** What you need to do **
As you print the data below, keep every line exactly as it is and leave the images behind.

** The data **
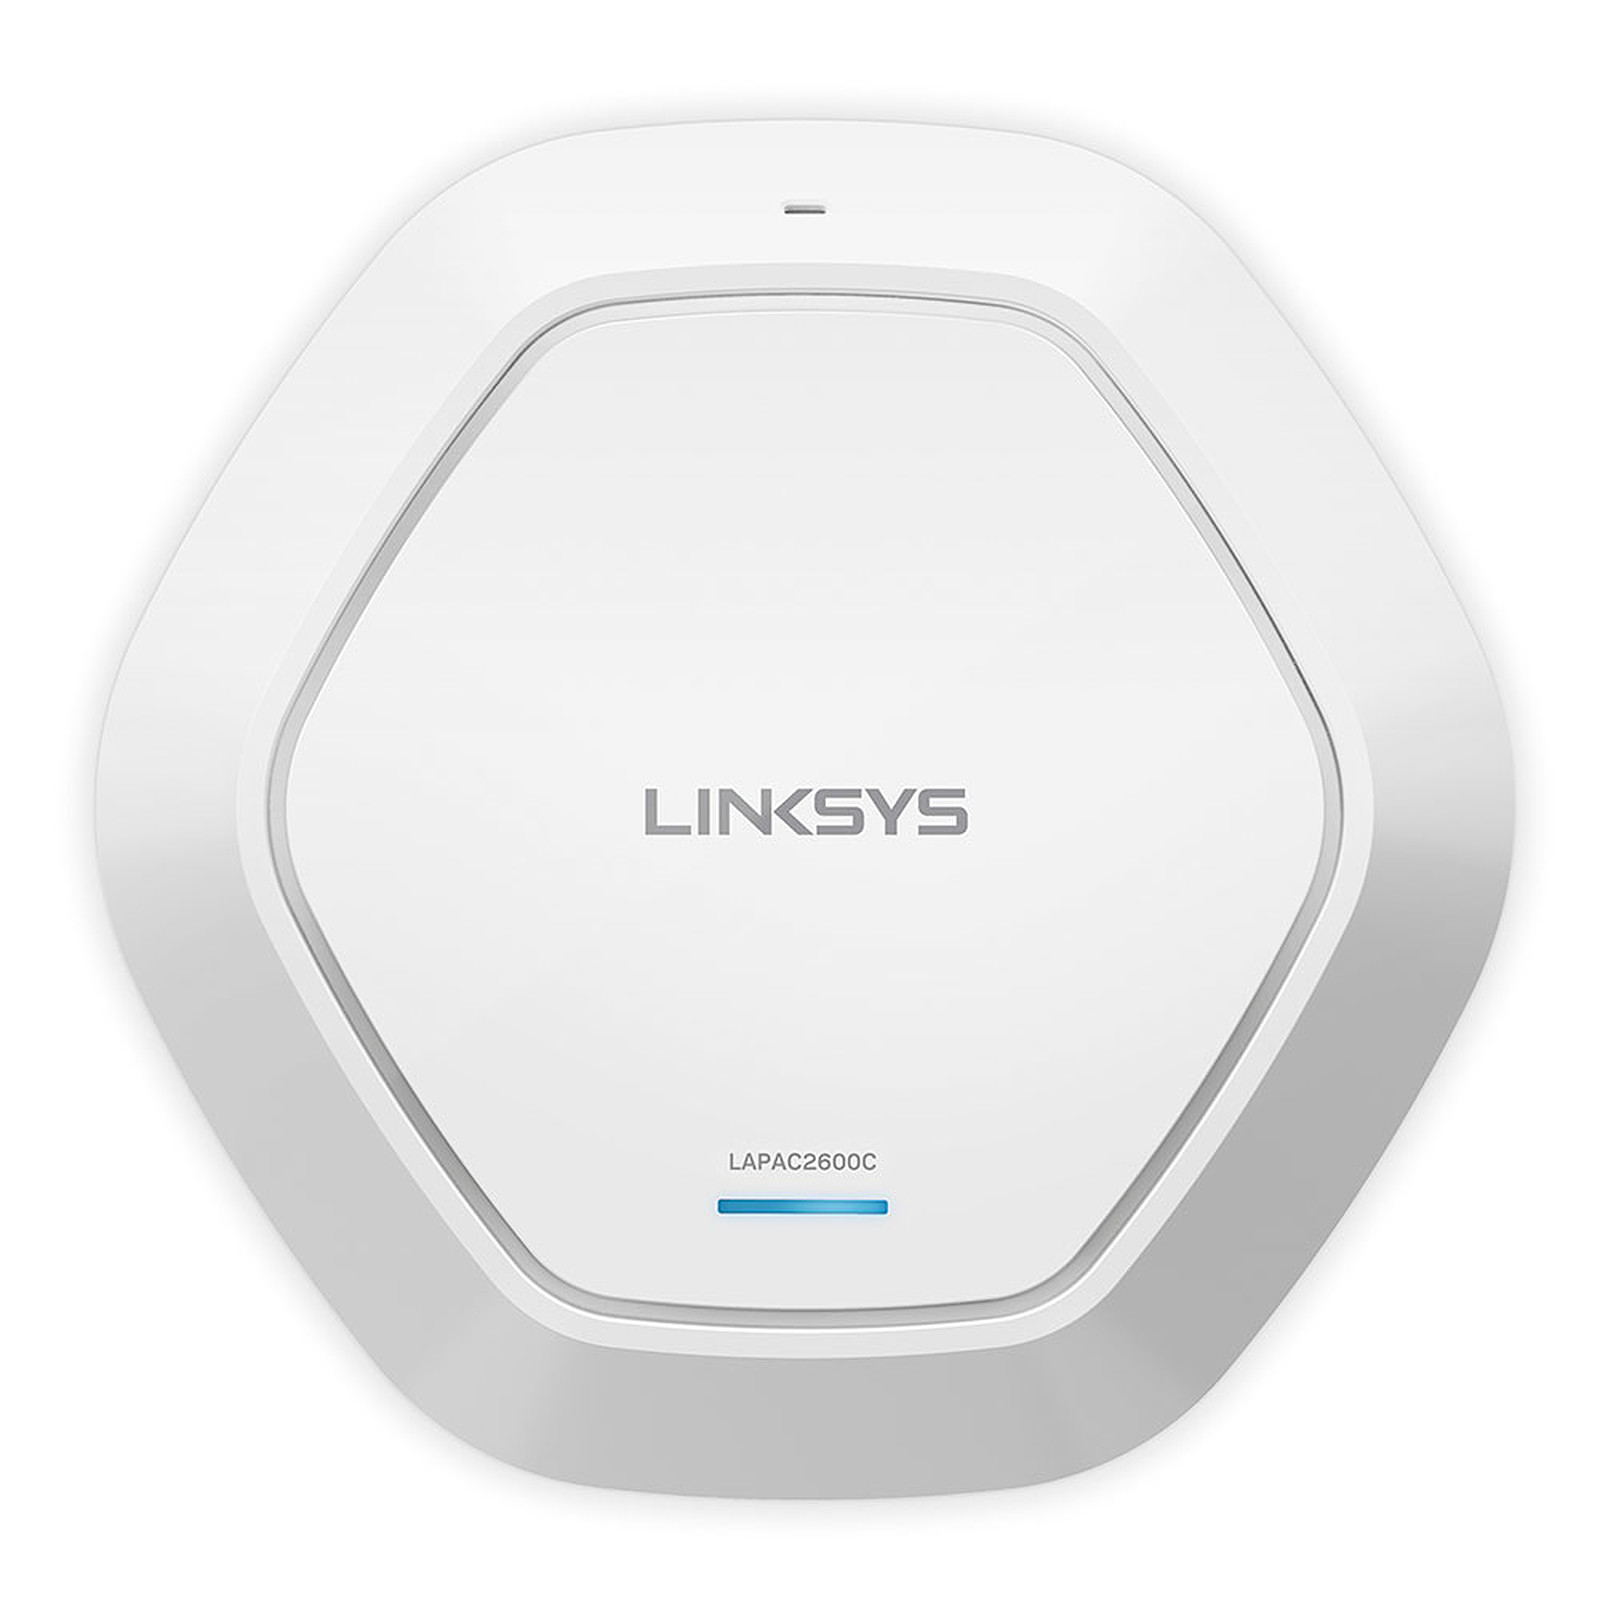 Linksys LAPAC2600C
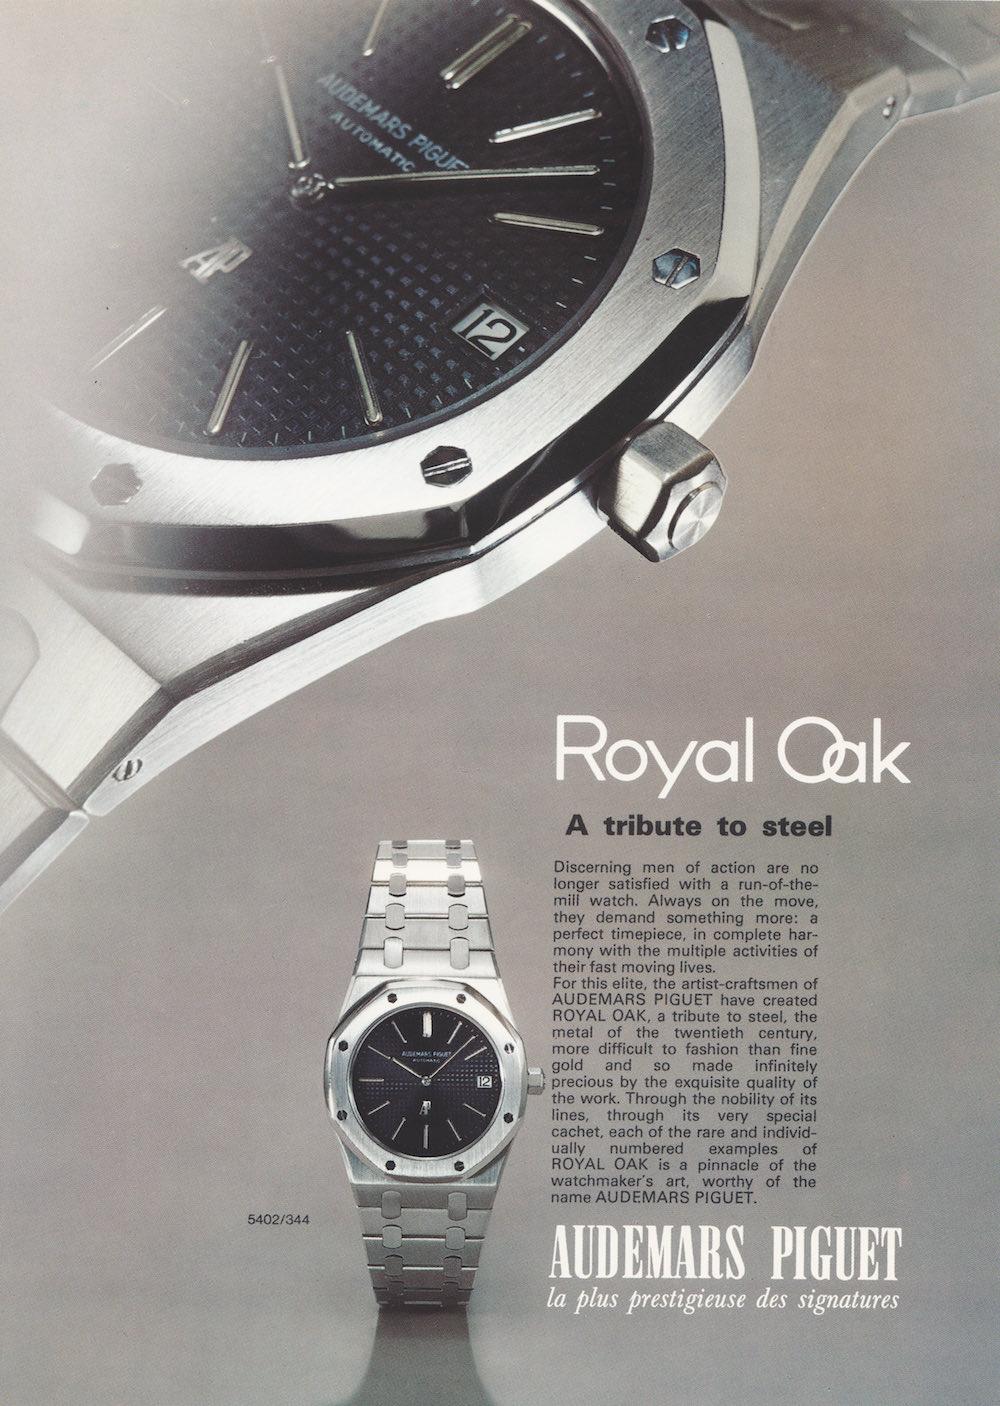 audemars-piguet-royal-oak-1972-oltonyora-karora-svajciora-luxusora-orasblog-hirdetes_copy.jpg
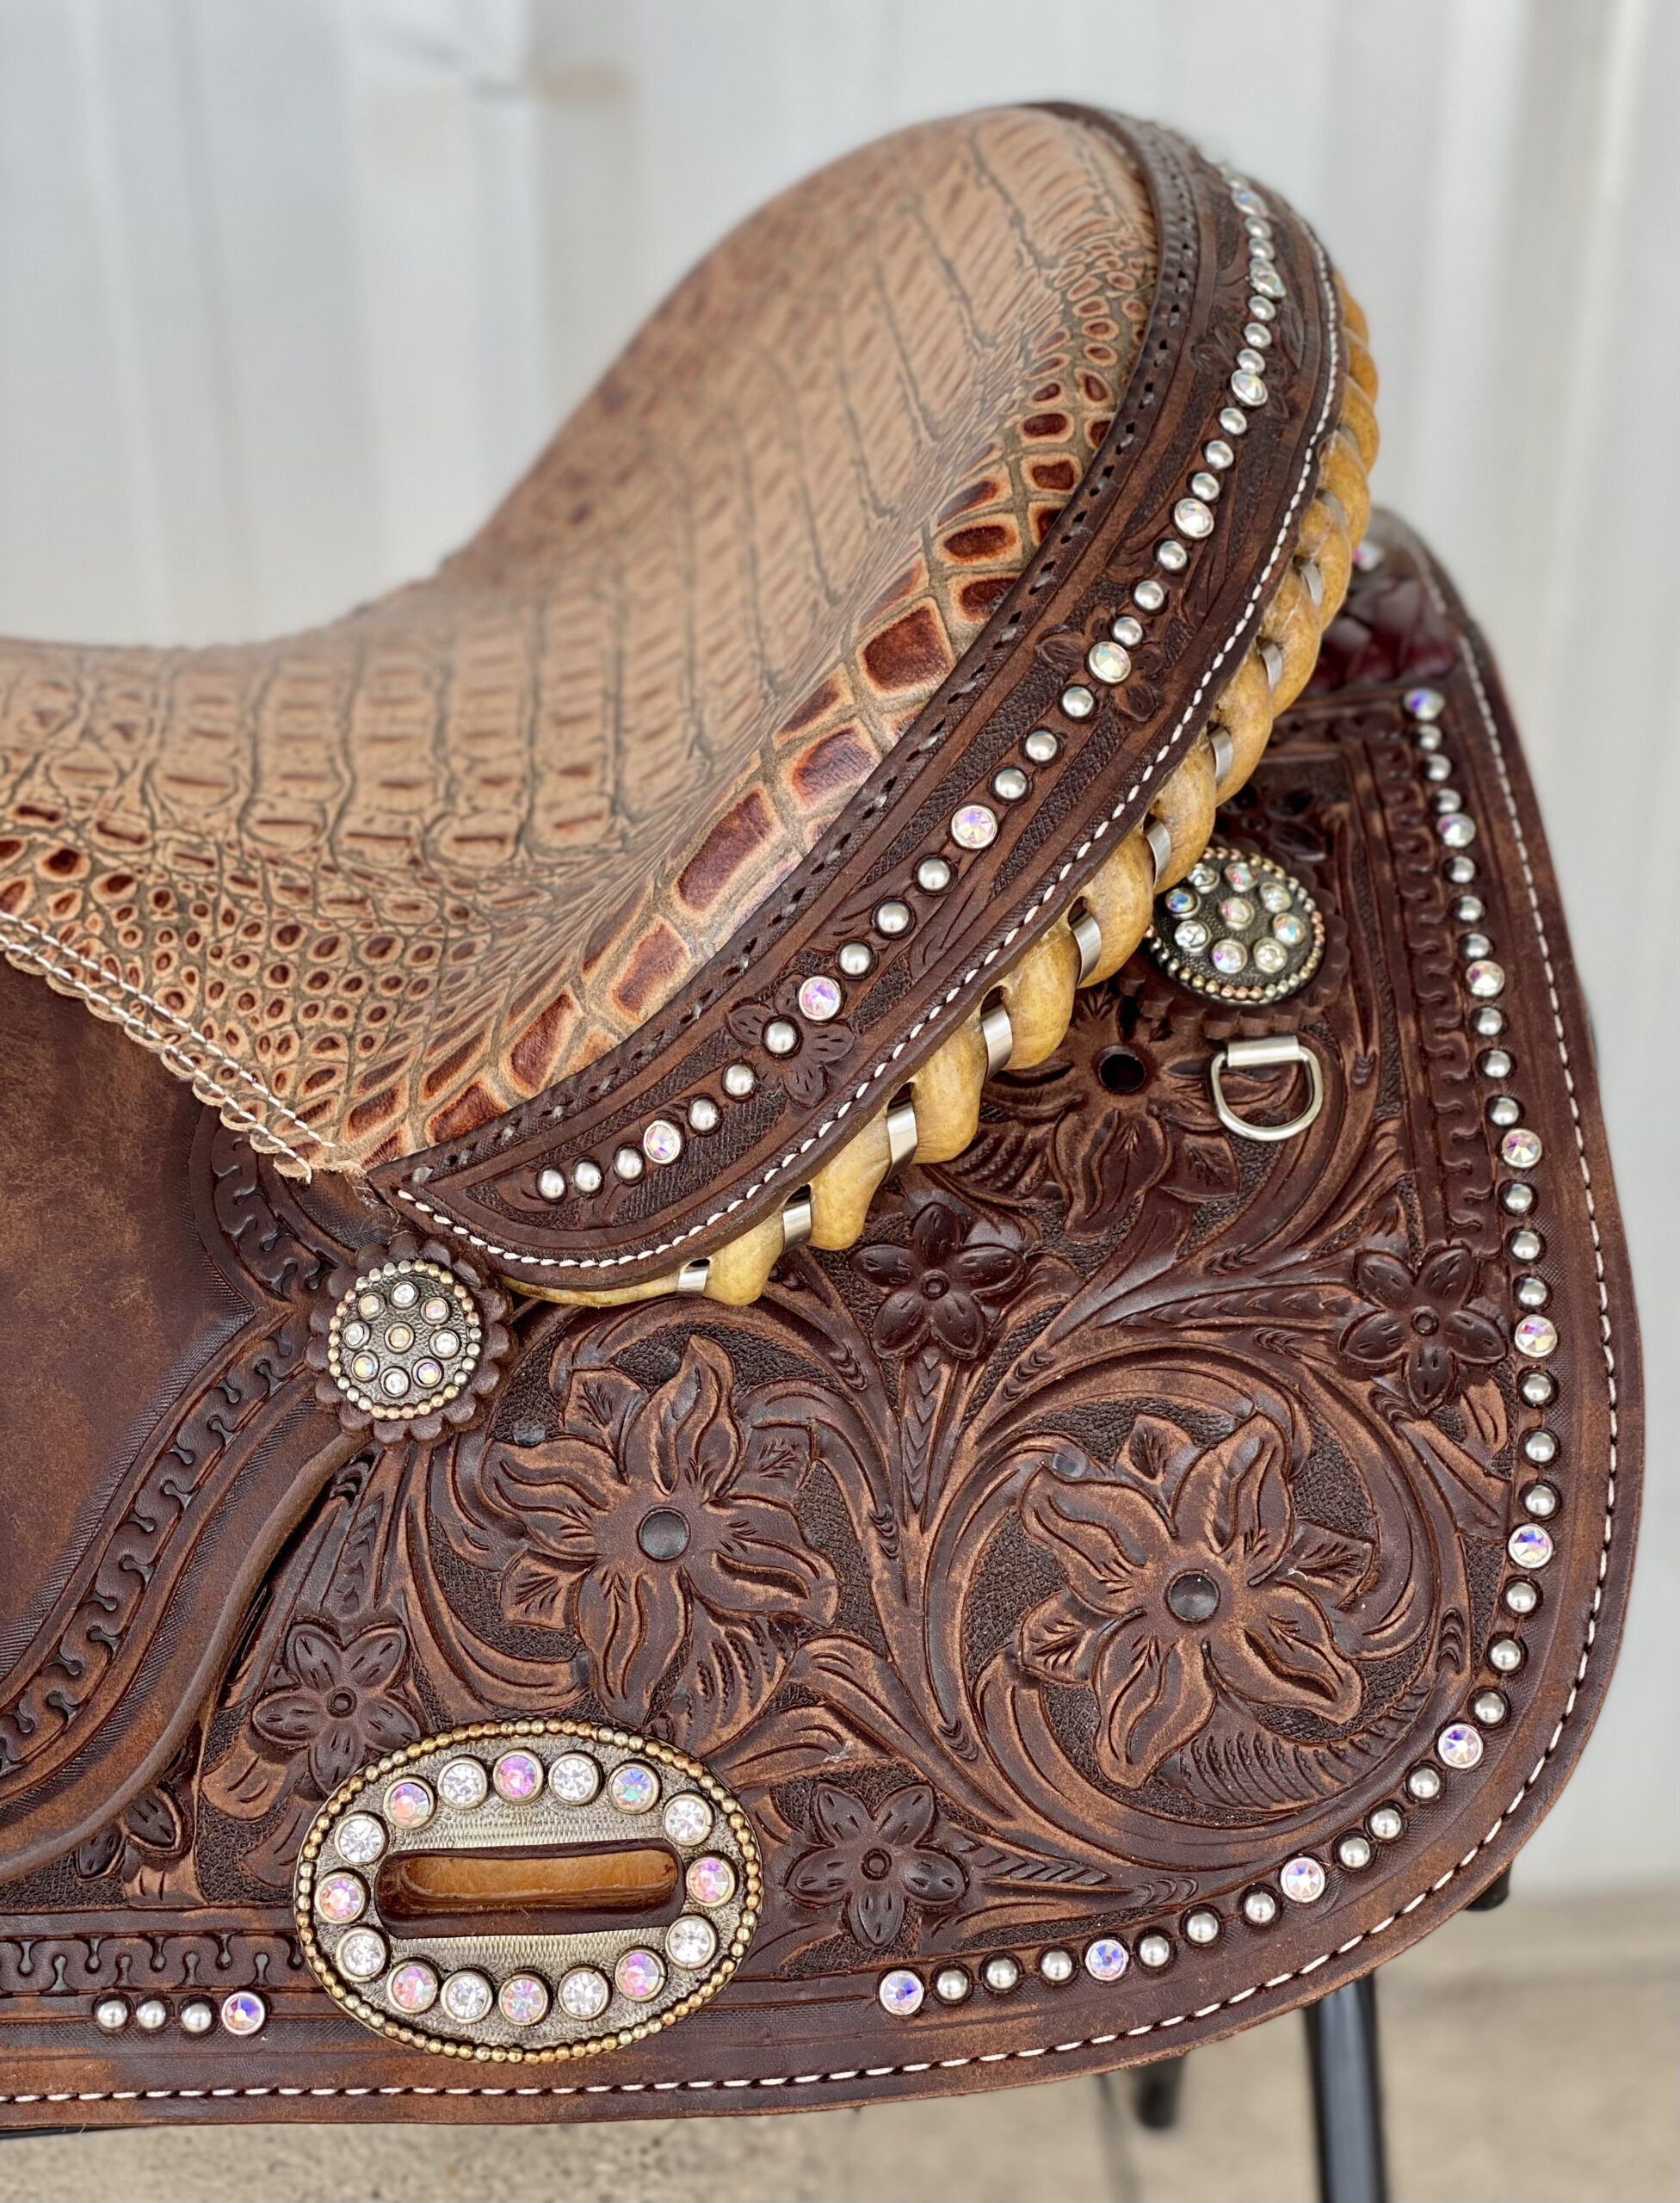 <b>14.5in</b><p>Vintage Glam barrel saddle </B></p>

** Response **
 Linksys LAPAC2600C
 audemars-piguet-royal-oak-1972-oltonyora-karora-svajciora-luxusora-orasblog-hirdetes_copy.jpg
 <b>14.5in</b><p>Vintage Glam barrel saddle </B></p>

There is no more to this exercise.